Theory — Finally, the overarching sin is the lack of theory. From first principles one would expect AGI researchers to start with trying to truly understand human intelligence in order to build it. Not so. The current approach is essentially ‘Hey, we’ve got a lot of data and compute, what can we do with it?’ That’s the hammer we’ve got, what nails can we find.
 
You know that there’s something seriously amiss with this brute-force approach when you consider that the human brain uses about 20 watts, not 20 gigawatts, and we need just a few millions words to master language and reasoning. Not tens of trillions.
 

A much more reasonable approach would be to first deeply explore and understand the essentials of intelligence and how the human mind works – how we learn and reason. Such research would cover epistemology (theory of knowledge), the nature of knowledge and how we obtain certainty. More broadly, a philosophical understanding of consciousness, volition, and ethics (how we know wrong from right). It would include a thorough grasp of cognitive psychology: How our intelligence differs from other animals’. How children learn most effectively. What (good) IQ tests measure.

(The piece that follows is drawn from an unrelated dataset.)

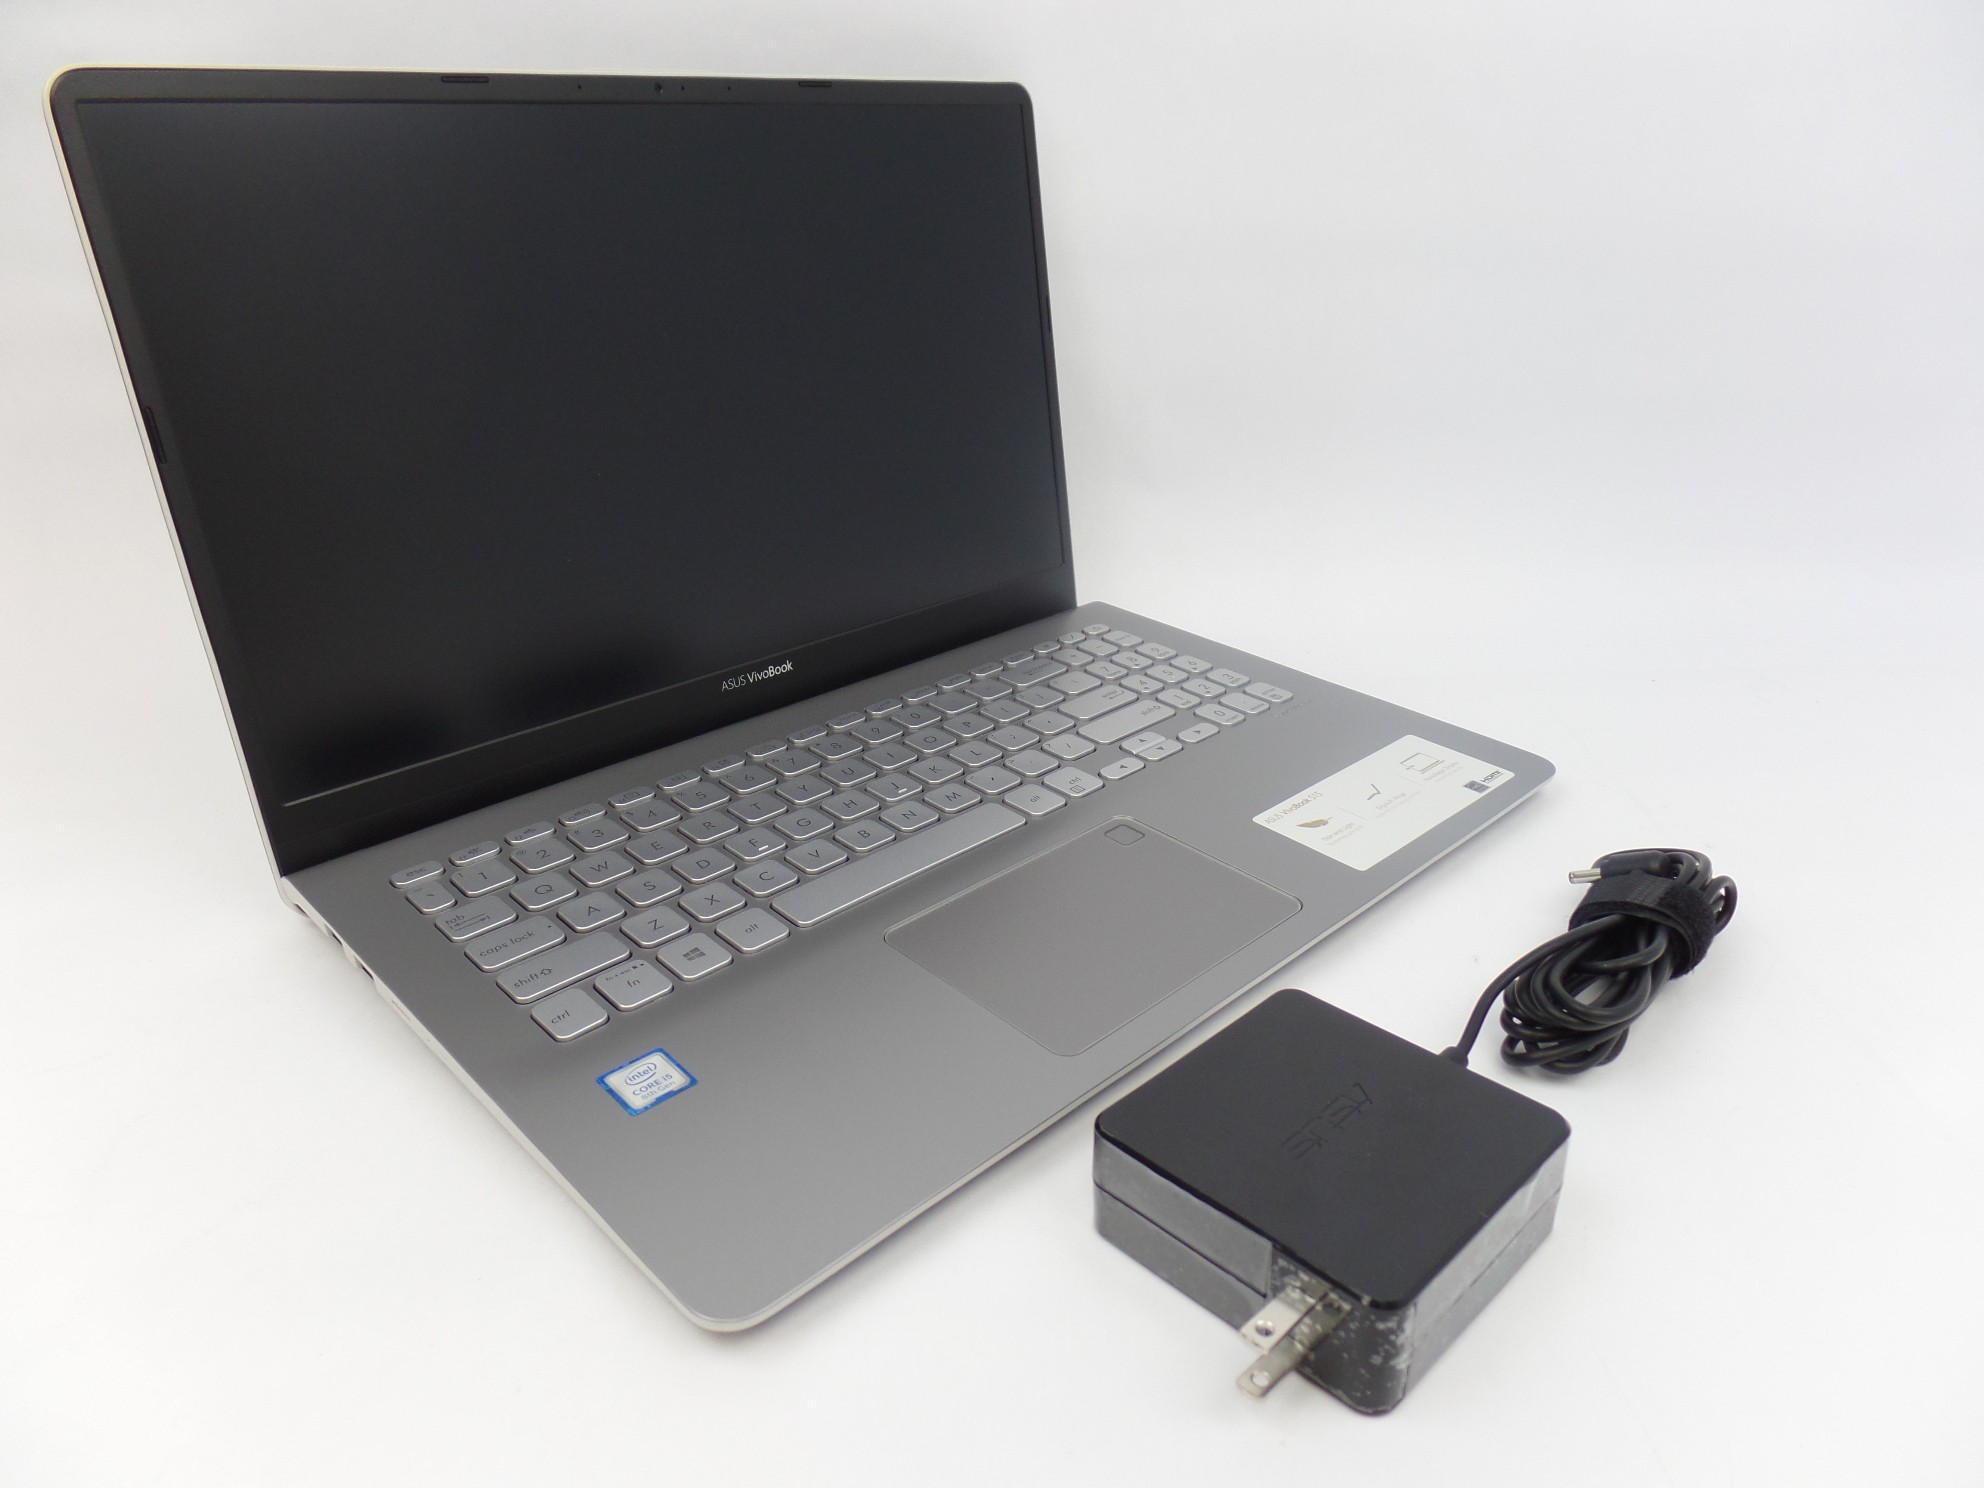 ASUS VivoBook S530UA-DB51 15.6" FHD i5-8250U 1.6GHz 8GB 256GB SSD W10H Laptop SD
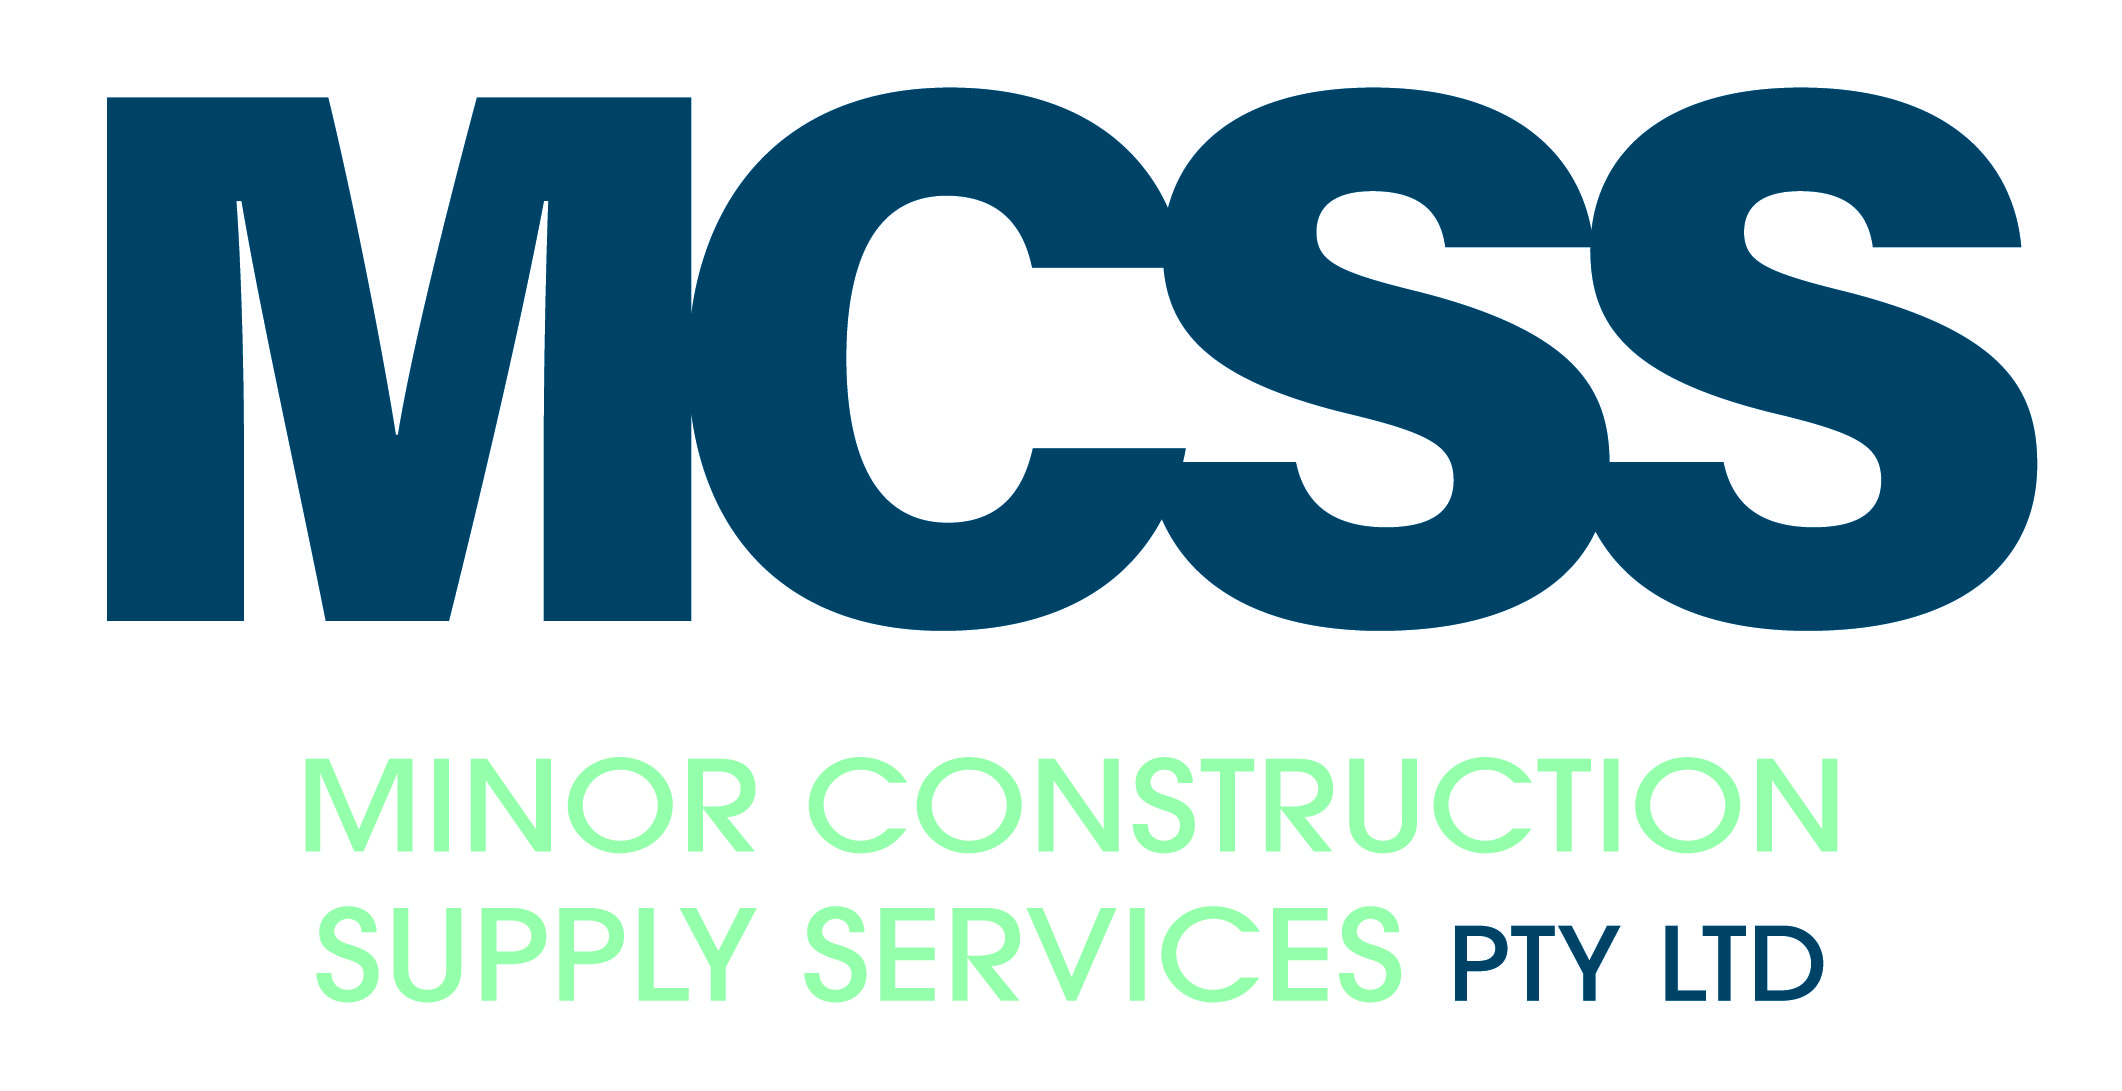 Minor Construction Supply Services

Without a good theory of human intelligence AGI will at best be stumbled across by accident. By their own admission, none of the current AI leaders have a theory or plan on how to achieve AGI.

The Seven Sins — Almost all current AI projects commit all or most of these sins. We will not achieve AGI without taking them seriously. One very different approach is what DARPA calls the ‘Third Wave of AI’, or Cognitive AI. It is a much smarter path to AGI. It requires orders of magnitude less data and compute, and has the ability to learn incrementally in real-time. An example of this is Aigo.ai’s Integrated Neuro-Symbolic Architecture.

 
Instead of trying to build longer ladders and larger airships we should be focusing on fundamentally better solutions. And to avoid sinning.